Task statement — Transcribe the listing in full, word for word; pictures do not belong in the copy.

Recorded information —
################
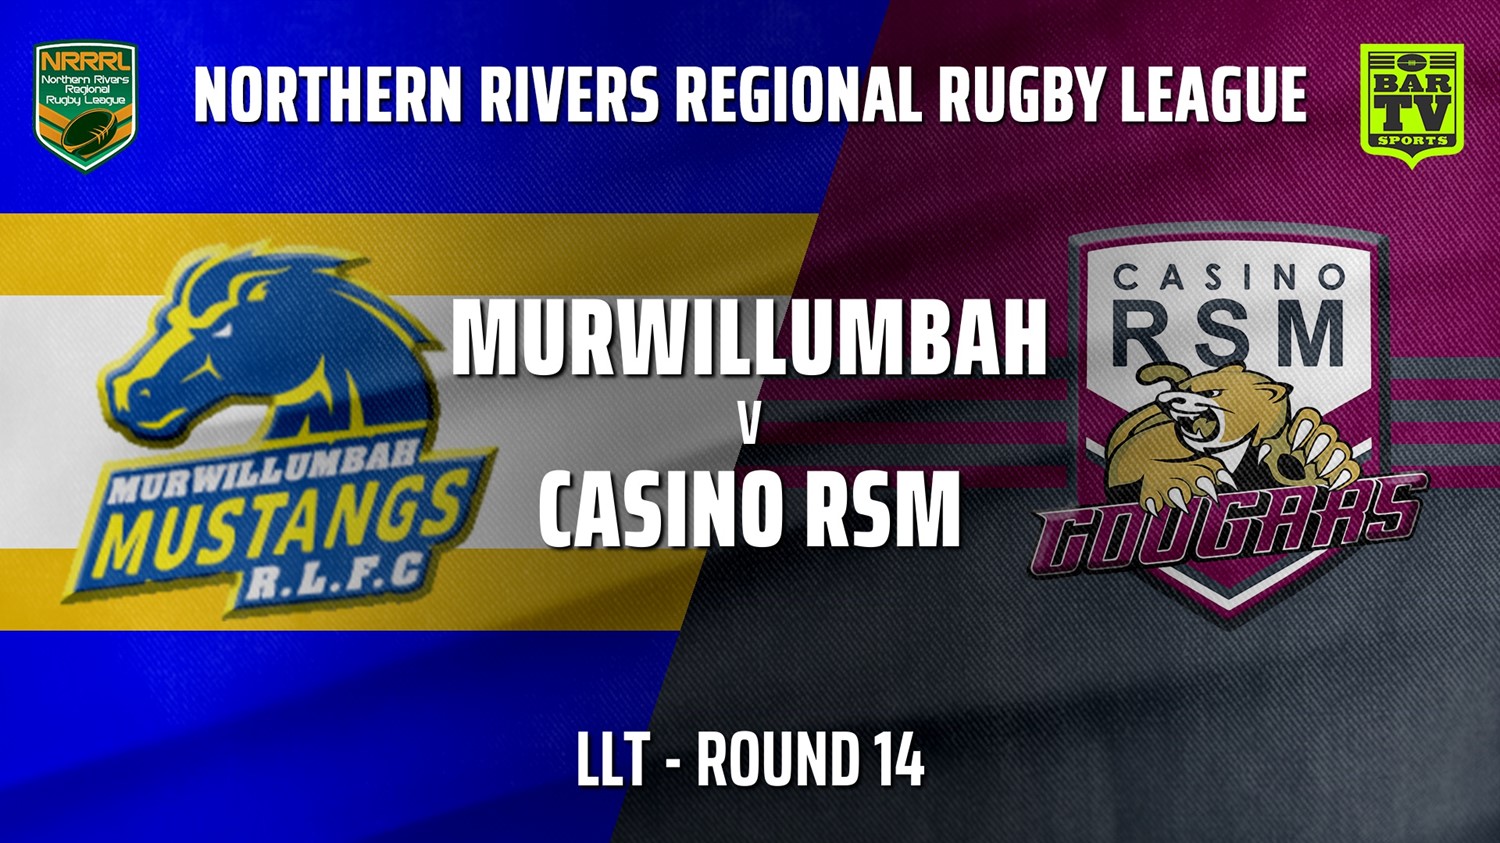 210808-Northern Rivers Round 14 - LLT - Murwillumbah Mustangs v Casino RSM Cougars Slate Image
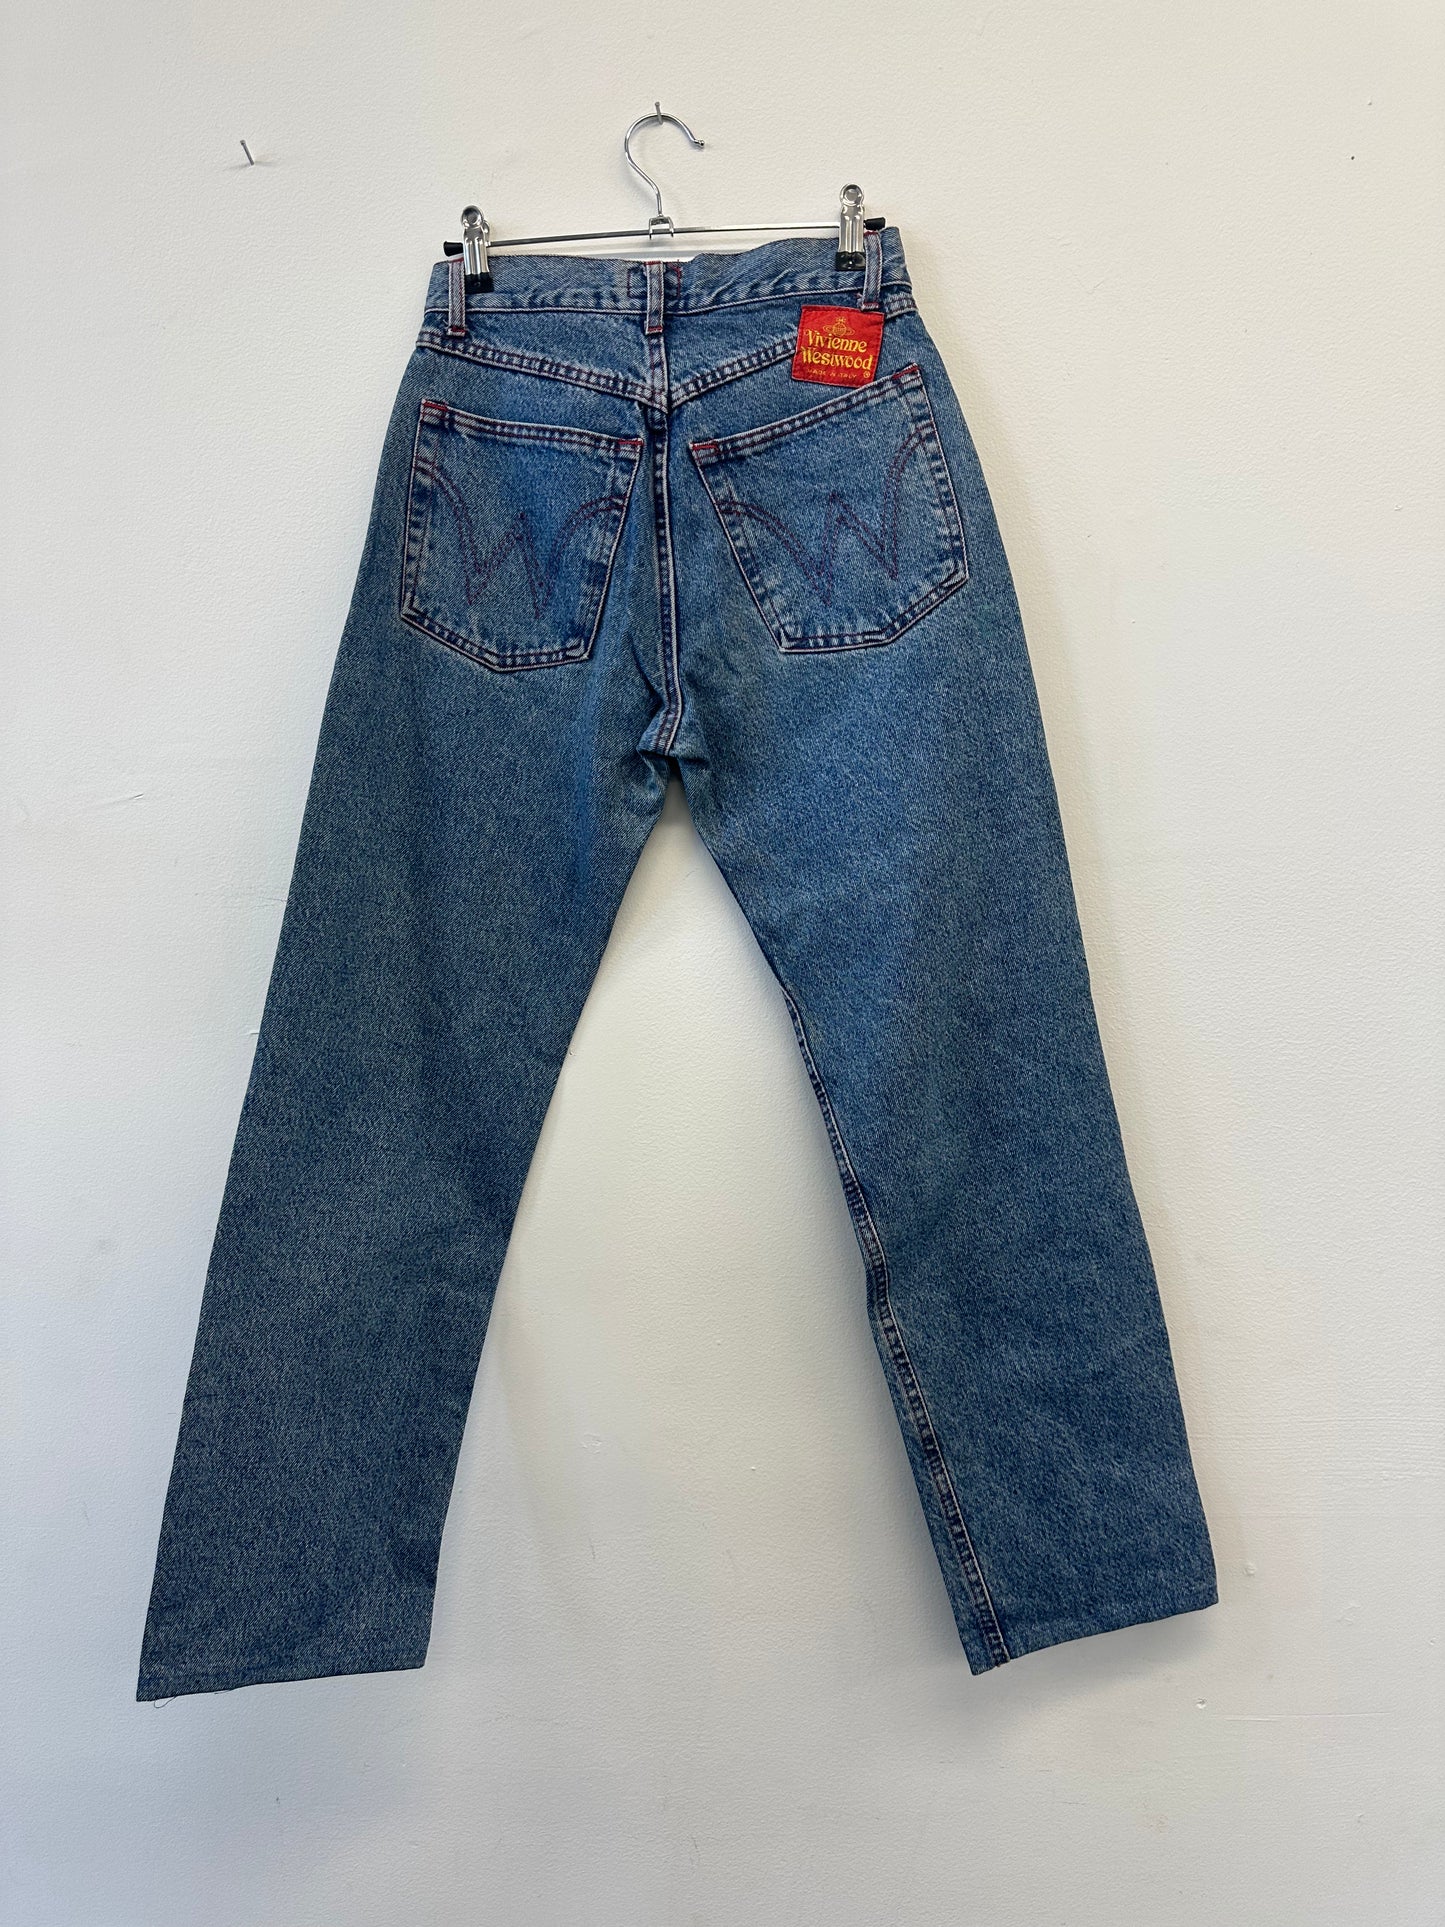 Vivienne Westwood FW 1994 Jeans
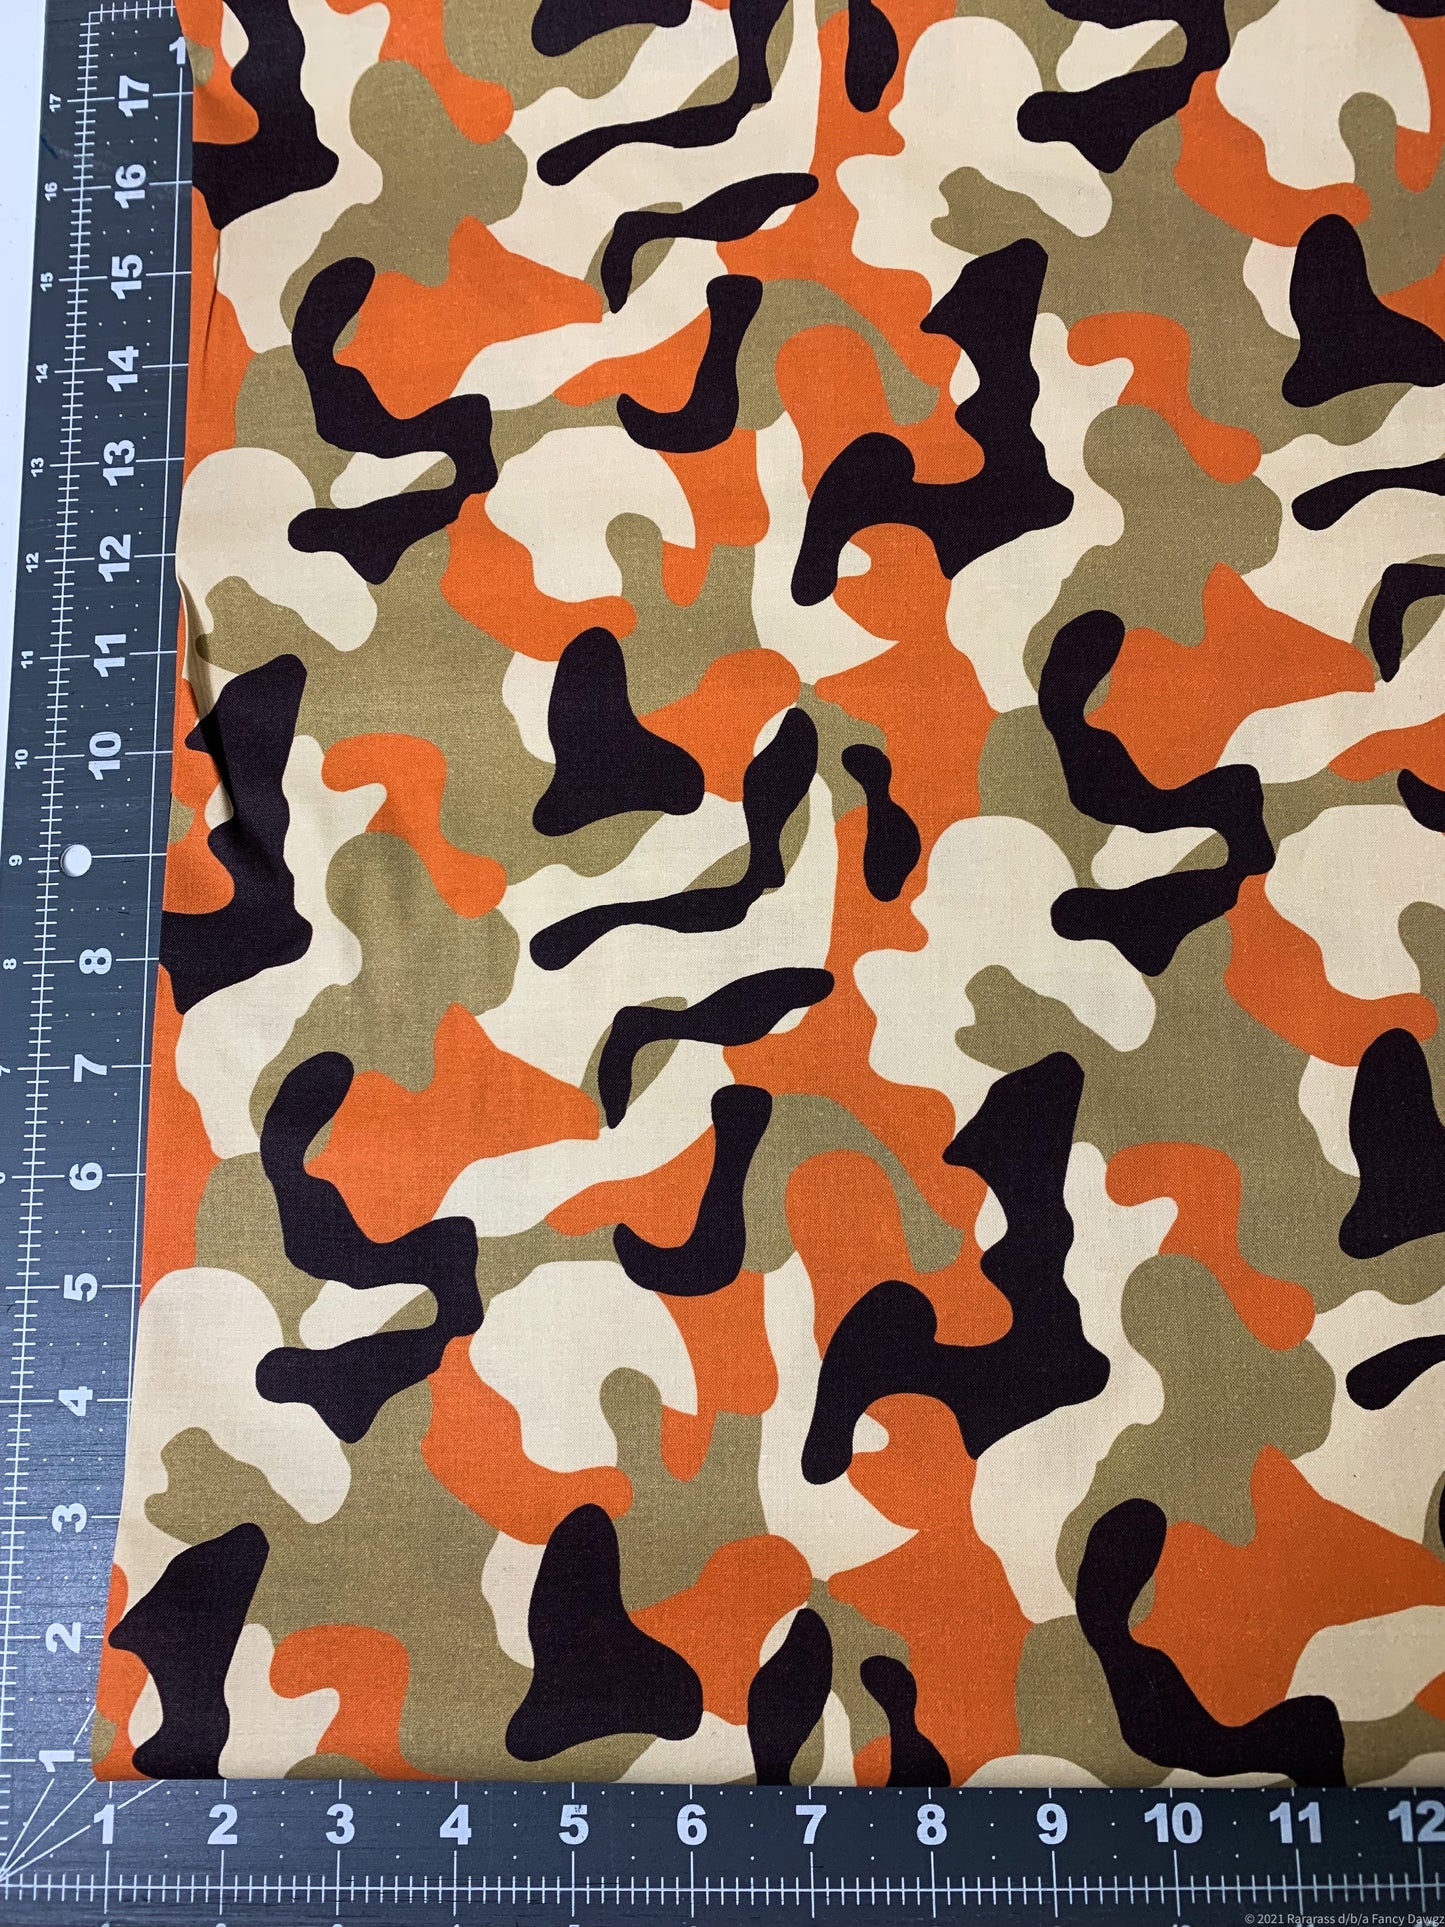 Orange Desert Camouflage fabric10861 Defender of Freedom Camo
################
Exercise output —
 210808-Northern Rivers Round 14 - LLT - Murwillumbah Mustangs v Casino RSM Cougars Slate Image
 Vivienne Westwood FW 1994 Jeans
 Orange Desert Camouflage fabric10861 Defender of Freedom Camo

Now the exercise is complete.